According to the present invention, the steel cord of the belt layer is formed of a single wire having a specific carbon content and a high tensile strength having a chromium content and having a specific diameter. In addition, since the two-dimensional waveform is typed on the single wire and the parameter F for specifying the waveform is within a certain range, the rigidity inherent in the single wire is relaxed, and good fatigue resistance is maintained. While suppressing excessive softening, it is possible to maintain good steering stability. Moreover, by arranging the single-wire so that its waveform is parallel to the tread surface, the under-groove gauge t of the tread and the gauge a between the plies of the belt layer can be reduced, and the amount of rubber can be reduced. It is possible to further reduce the weight, to impart an interlayer shear strain, and to further improve the steering stability.
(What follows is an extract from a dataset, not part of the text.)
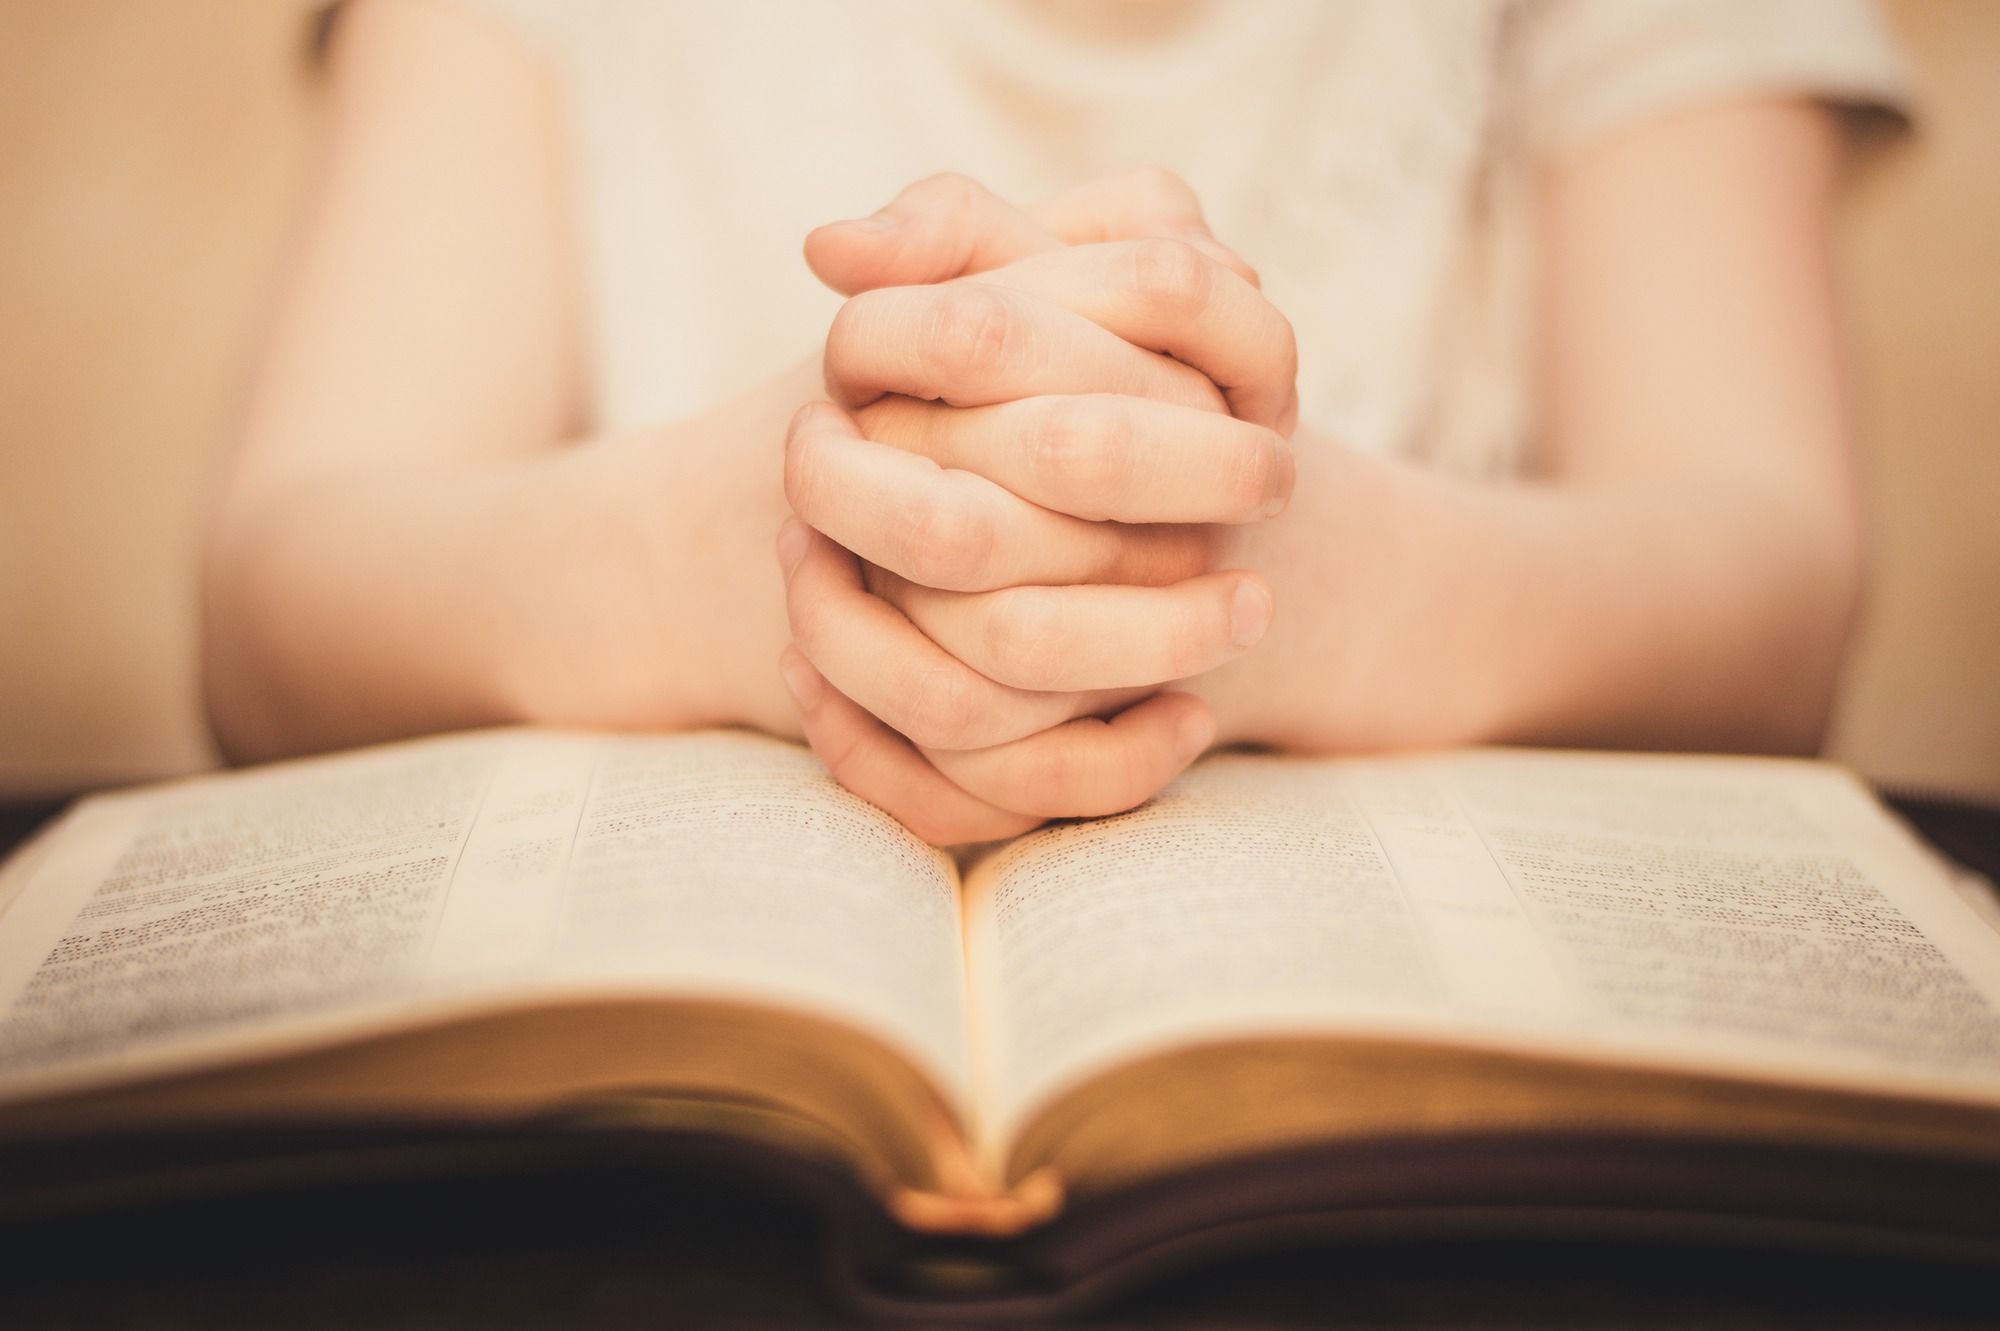 Closeup of young girl's clasped hands on open Bible

[Brief description of the drawings]

FIG. 1 is a partially cutaway perspective view showing a main part of a pneumatic radial tire for a passenger car according to an embodiment of the present invention.

FIG. 2 is an enlarged sectional view showing a main part of the tire of FIG. 1;

FIG. 3 is a side view showing an example of a two-dimensional corrugated single wire used in the present invention.
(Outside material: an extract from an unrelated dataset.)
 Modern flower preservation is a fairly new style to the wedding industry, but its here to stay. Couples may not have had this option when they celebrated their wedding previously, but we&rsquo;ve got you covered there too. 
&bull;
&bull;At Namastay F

FIG. 4 is a graph showing a relationship between a parameter F of a single wire and a tensile modulus.

FIG. 5 is a perspective view showing a shape of a sample for measuring fatigue resistance of a single wire.
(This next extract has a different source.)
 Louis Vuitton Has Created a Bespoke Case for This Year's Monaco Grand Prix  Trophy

FIG. 6 is a diagram schematically illustrating an apparatus for measuring fatigue resistance of a single wire.

[Explanation of symbols]

Reference Signs List 1 tread portion 4 inner belt layer 4 'outer (outermost) belt layer 6 main groove 40 steel cord (single wire) d wire diameter h waveform height P waveform pitch length

──────────────────────────────────────────────────続 き Continuation of the front page (56) References JP-A-51-47702 (JP, A) JP-A-48-63961 (JP, A) JP-A-4-84395 (JP, U) 5294 (JP, B2) (58) Fields investigated (Int. Cl. ⁷ , DB name) B60C 9/00 B60C 9/18-9/20 D07B 1/06

Claims (1)

(57) [Claims] 1. A pneumatic radial tire in which a belt layer disposed on the outer side of a carcass layer of a tread is formed of a steel cord, wherein the steel cord has a carbon content of 0.90 to 1.10% by weight, a chromium content. Is 0.1% by weight or more and at least a tensile strength of 320 kgf / mm
A single wire with a diameter of at least ² and a diameter d of 0.28 to 0.60 mm is shaped into a two-dimensional waveform along its longitudinal direction, and the diameter d of the single wire and the height of the waveform h, the parameter F = (h−d) / P specified from the pitch length P of the waveform is set to 0.01 ≦ F ≦ 0.06, and the steel cord is placed on the tread surface by the two-dimensional surface of the waveform. Pneumatic radial tires arranged in parallel to.